According to online profiles, Oliver Taylor is a student at the University of Birmingham who loves politics and coffee. But no actual records of Taylor exist, his phone number isn't connected, and neither Reuters nor the publications that ran his work could verify his existence.

Face Case

And then there's his headshot. Multiple experts told Reuters that Taylor's supposed photo is almost certainly a forgery, seemingly generated by the same neural network tech behind websites like "thispersondoesnotexist.com."

Deepfake artist Mario Klinkemann told Reuters that Taylor's picture "has all the hallmarks" of a deepfake.

"I'm 100 percent sure," he said.

New Trend

It's not unprecedented for propagandists to invent personas for journalists. Earlier this month, for instance, an investigation by The Daily Beast found a network of 19 fake journalists that had been used to publish political content in a wide variety of conservative publications — including several that appeared to have used deepfake tech.

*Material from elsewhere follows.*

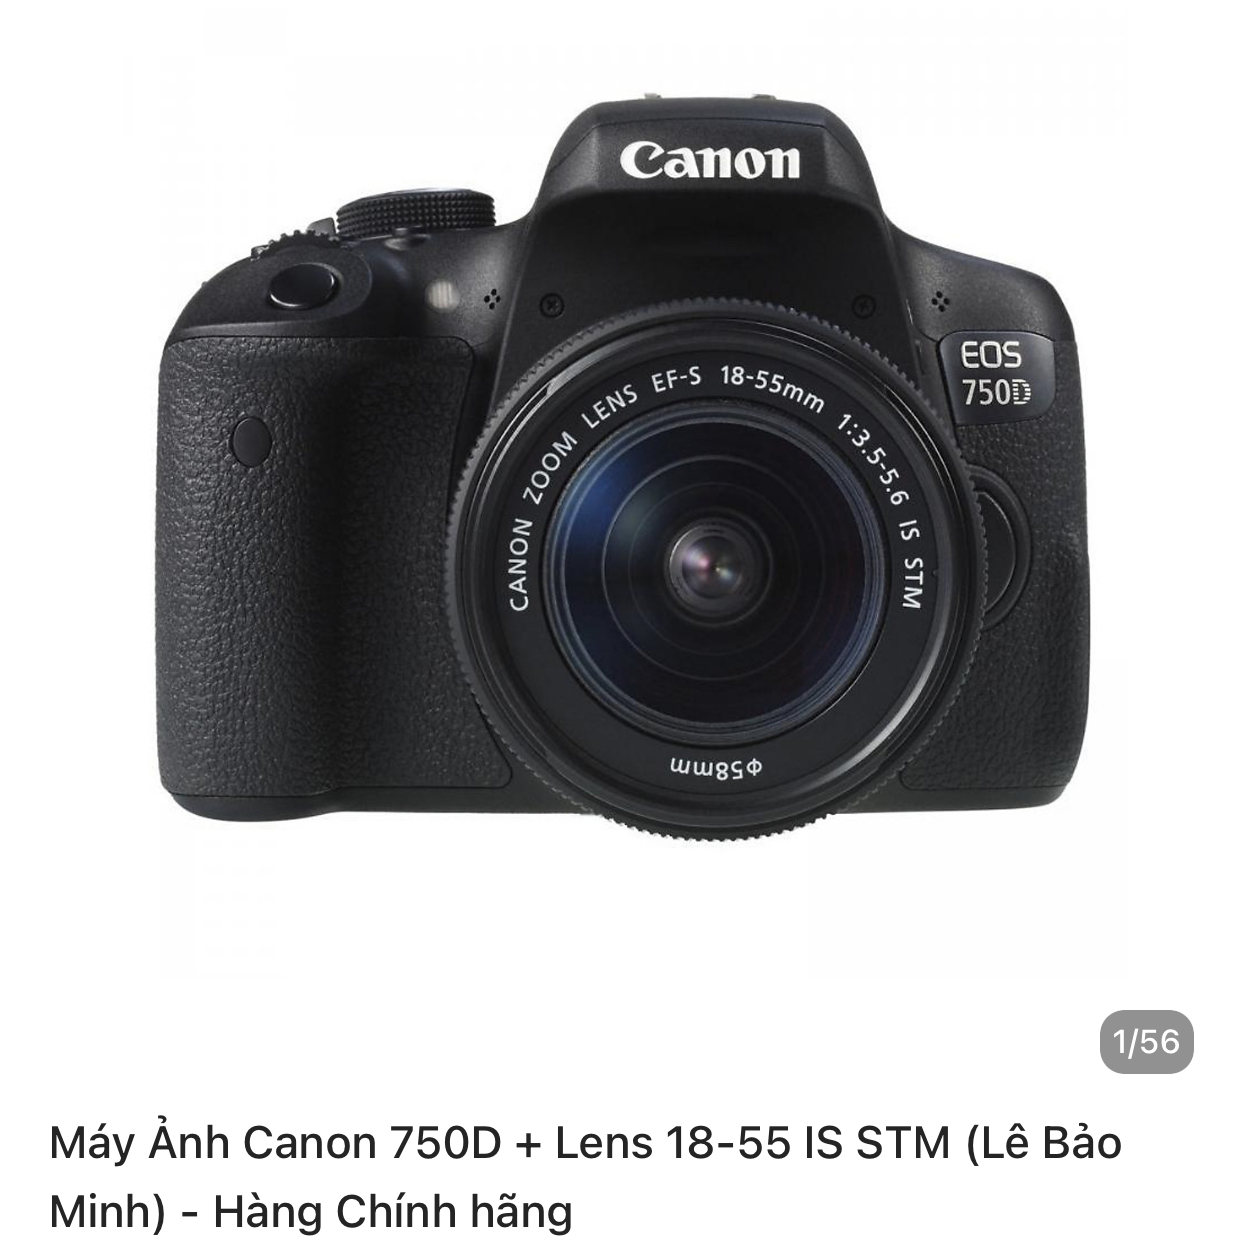 Canon 750D lens 18-55. Giờ muốn đổi Lens khác.
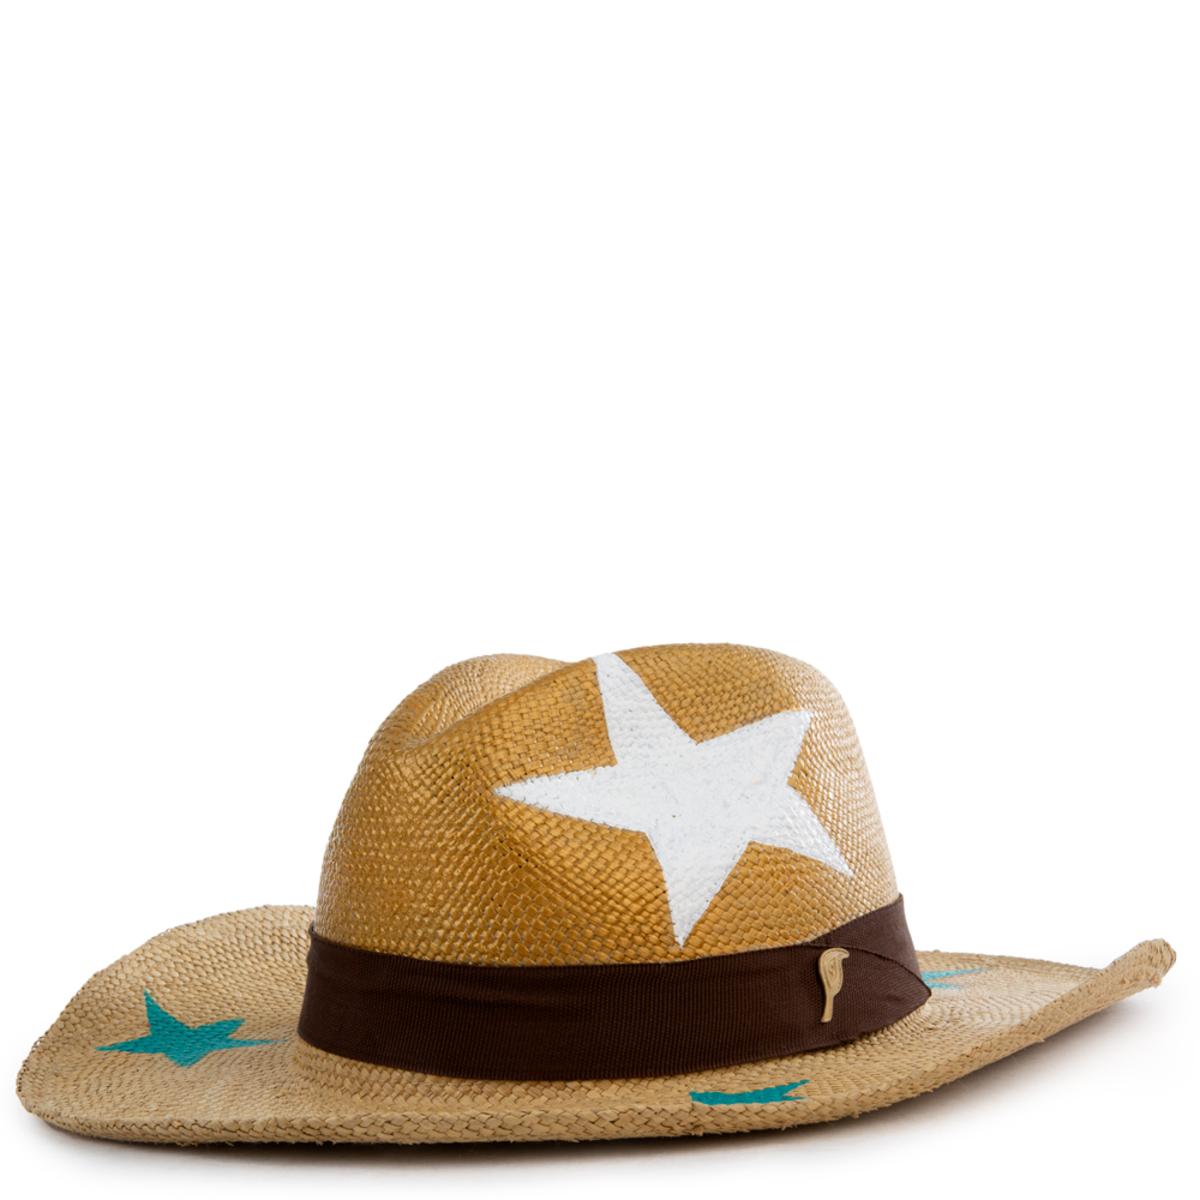 Estrellas Panama Hat

The Jerusalem Post told Reuters that editors didn't vette Taylor very hard. And while his articles didn't gain much traction, the phenomenon points to a looming threat in which operators could hide behind deepfake technology while publishing disinformation in reputable outlets.

"Absolutely we need to screen out impostors and up our defenses," Times of Israel Opinion Editor Miriam Herschlag told Reuters. "But I don’t want to set up these barriers that prevent new voices from being heard."

READ MORE: Deepfake used to attack activist couple shows new disinformation frontier [Reuters]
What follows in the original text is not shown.